Is there hyperbole in his book?
Providers are business people so I suppose they have ot make a case.

As a public sector sort I have nothing to sell.
I don't know any providers.
I am only really familiar with other public sector workers and researchers.

saintlyjimjams · 01/04/2012 10:27

There were times when table top work worked well for ds1. And times when it really really didn't work for him. But I felt there was an expectation that he had to change to fit the program, rather than the other way round. Which with hindsight was how it should be.

I also think there are issues with consultants (not confined to ABA) where you can end up handing over your expertise about your child to someone else. But that very much depends on the consultant/professional and how individual they are in their approach to each child. I have met some great ones, and some not so great. For us it's important because ds1 is quite an unusual child. Severely autistic, but very sociable, very cheeky, who constantly cracks jokes, - with strange motor planning problems. Huge gap between receptive and expressive language largely due to his severe apraxia (although that is narrowing rapidly now he has his talker).
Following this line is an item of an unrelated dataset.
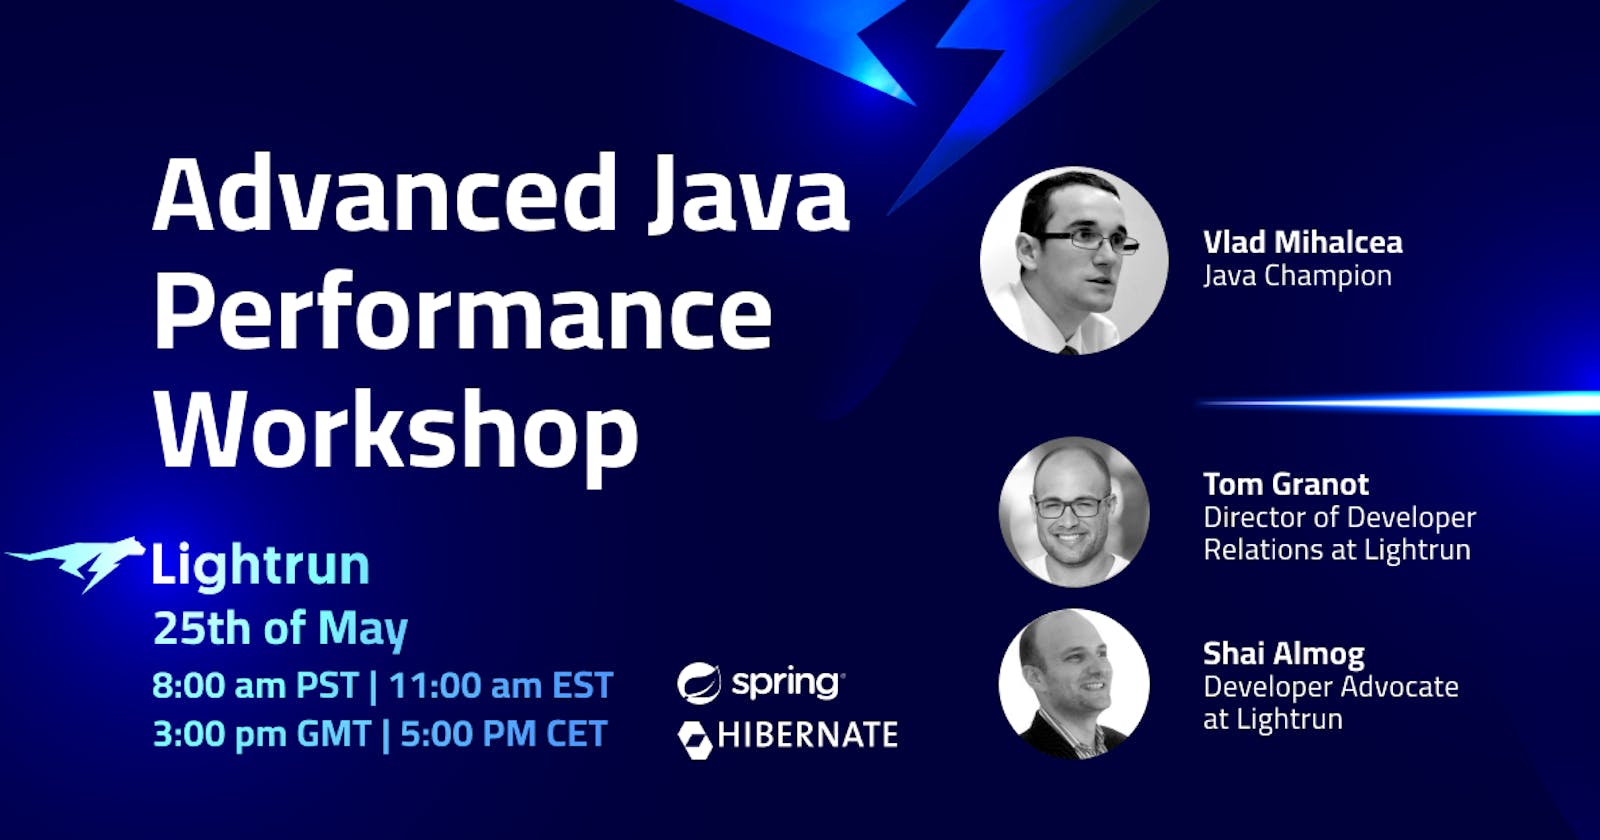 Spring Boot Performance Workshop with Vlad Mihalcea

Anyway long ramble, but we found that if people had a 'severely autistic' program they used and didn't adjust much between children it was fairly hopeless for ds1. Now I tend to think there is no-one alive who understands ds1 as I do, so I prefer to work very much in partnership with people, rather than with someone supposedly the expert above me. Hope that makes sense! It took me a long time to get that confidence although looking back it was really relevant right from the beginning, and I ended up doing things that felt wrong (and were wrong) because a consultant told me to.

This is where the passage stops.